NSC’s analysis also shows that workers of color are over-represented among those with digital skill gaps, in part due to longstanding racial and ethnic disparities in access to education and training, financial resources, and career-path jobs.

Black workers comprise 12 percent of all workers but represent 15 percent of those with no digital skills and 21 percent of those with limited digital skills.

Latinx workers are 14 percent of all workers, but 35 percent of workers with no digital skills and 20 percent of those with limited skills. Meanwhile, 33 percent of all immigrant workers have no digital skills and 29 percent have limited skills.

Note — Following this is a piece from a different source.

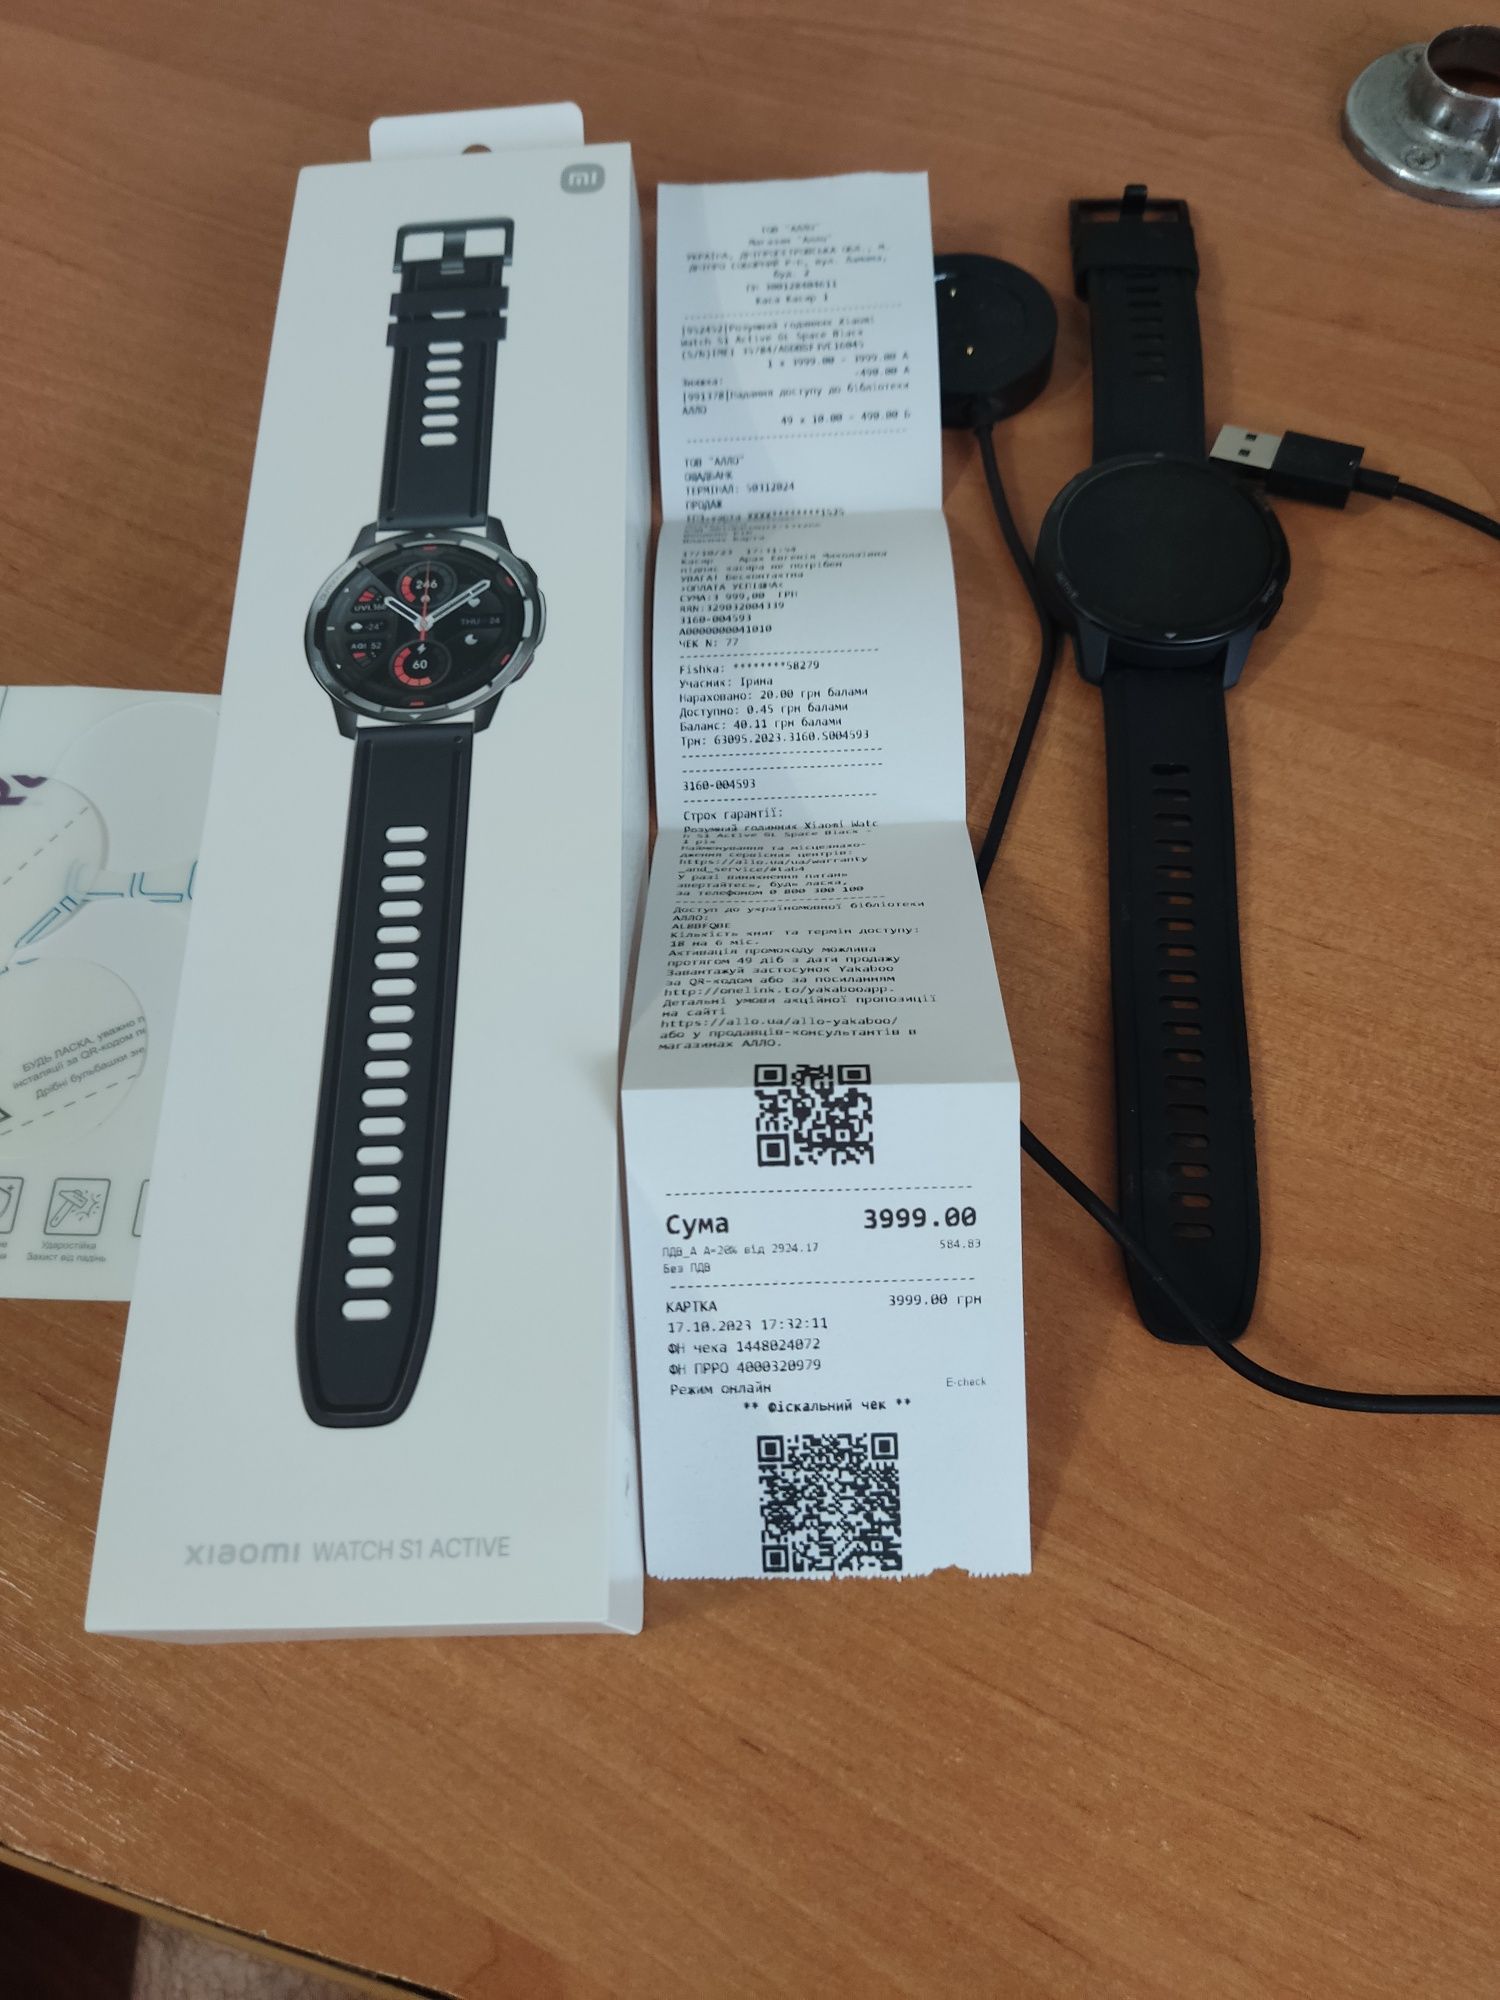 Xiaomi Watch S1 Active.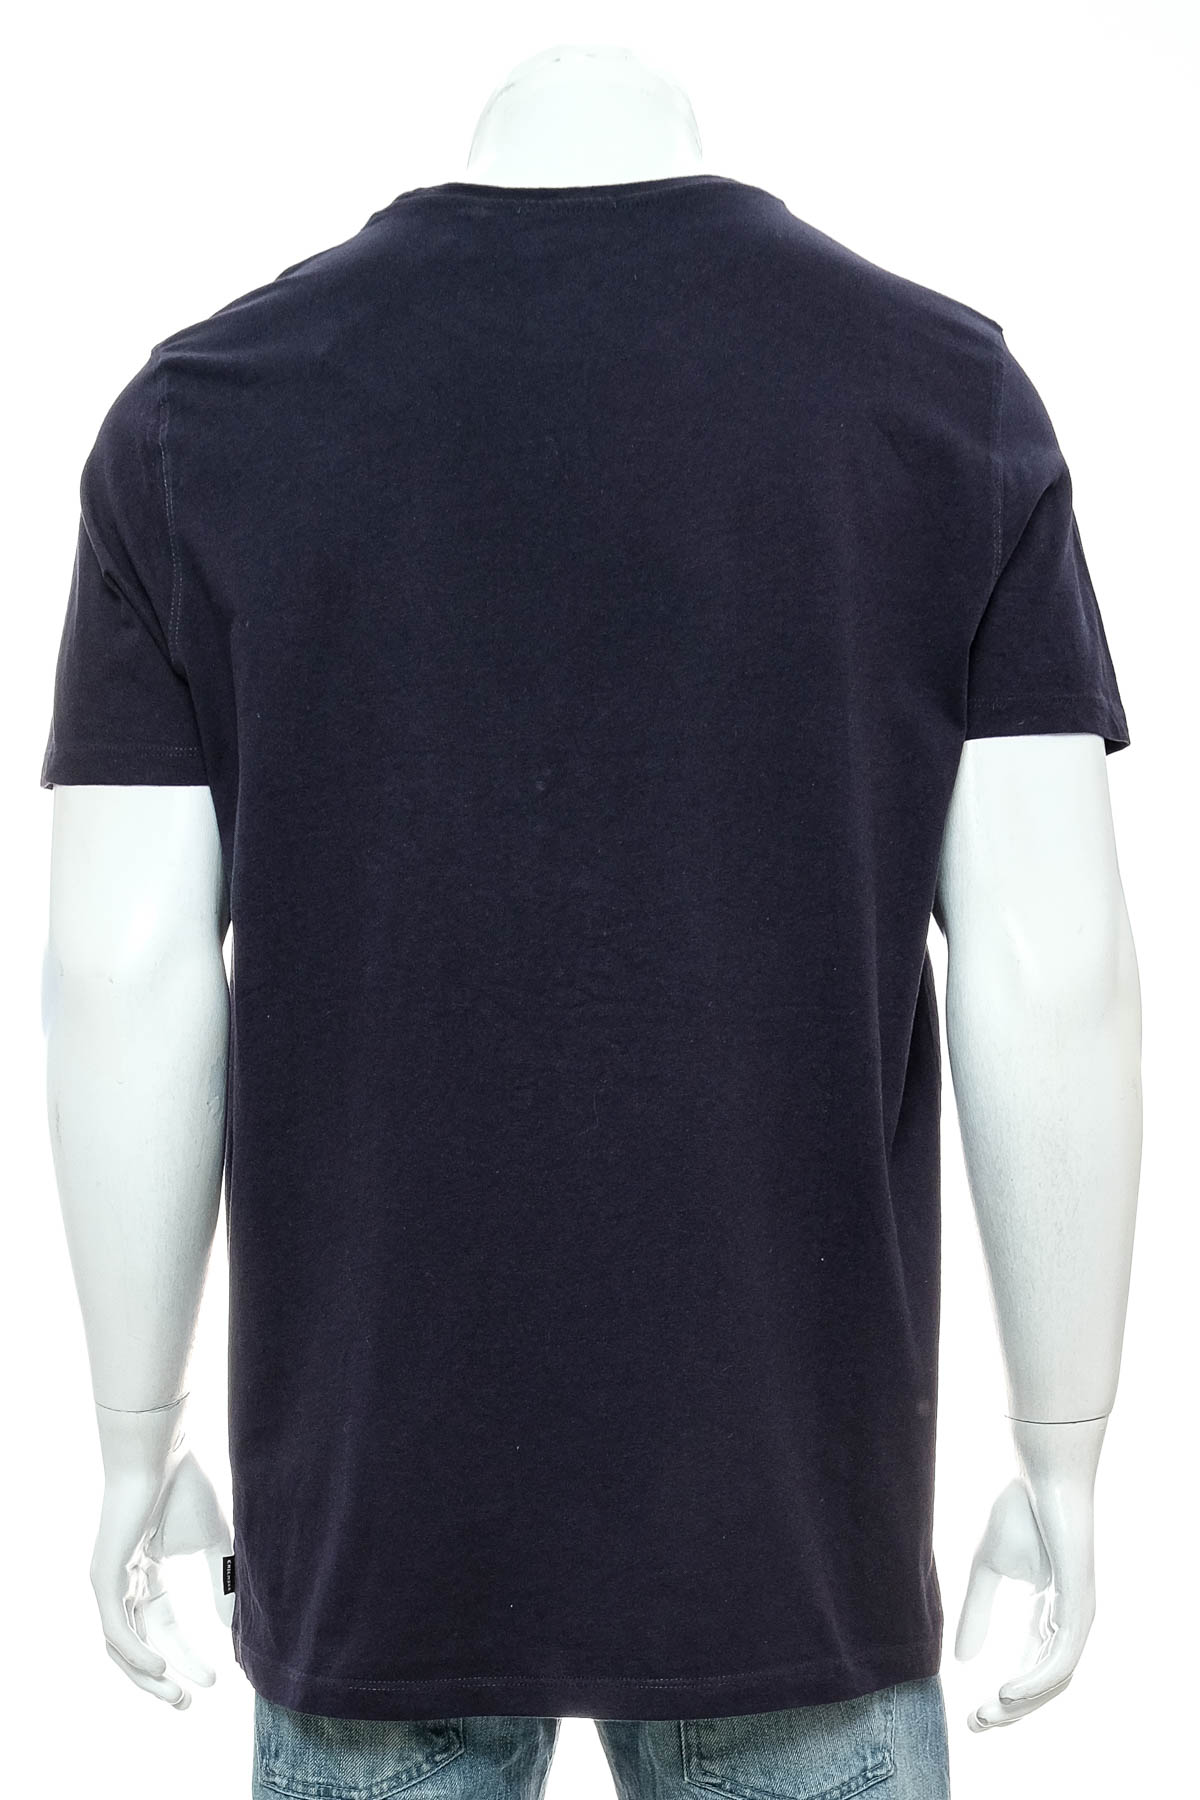 Ανδρικό μπλουζάκι - Chiemsee - 1

Asian American and Pacific Islander workers present a more mixed picture. These workers represent 5 percent of all workers, 4 percent of workers with no digital skills, and 7 percent of those with limited skills. Data on Native Americans and multi-racial individuals, however, is unavailable due to low sample size.

White workers, by contrast, are less likely to lack digital skills. White workers represent 67 percent of all workers, but only 44 percent of those with no digital skills and 50 percent of those with limited digital skills.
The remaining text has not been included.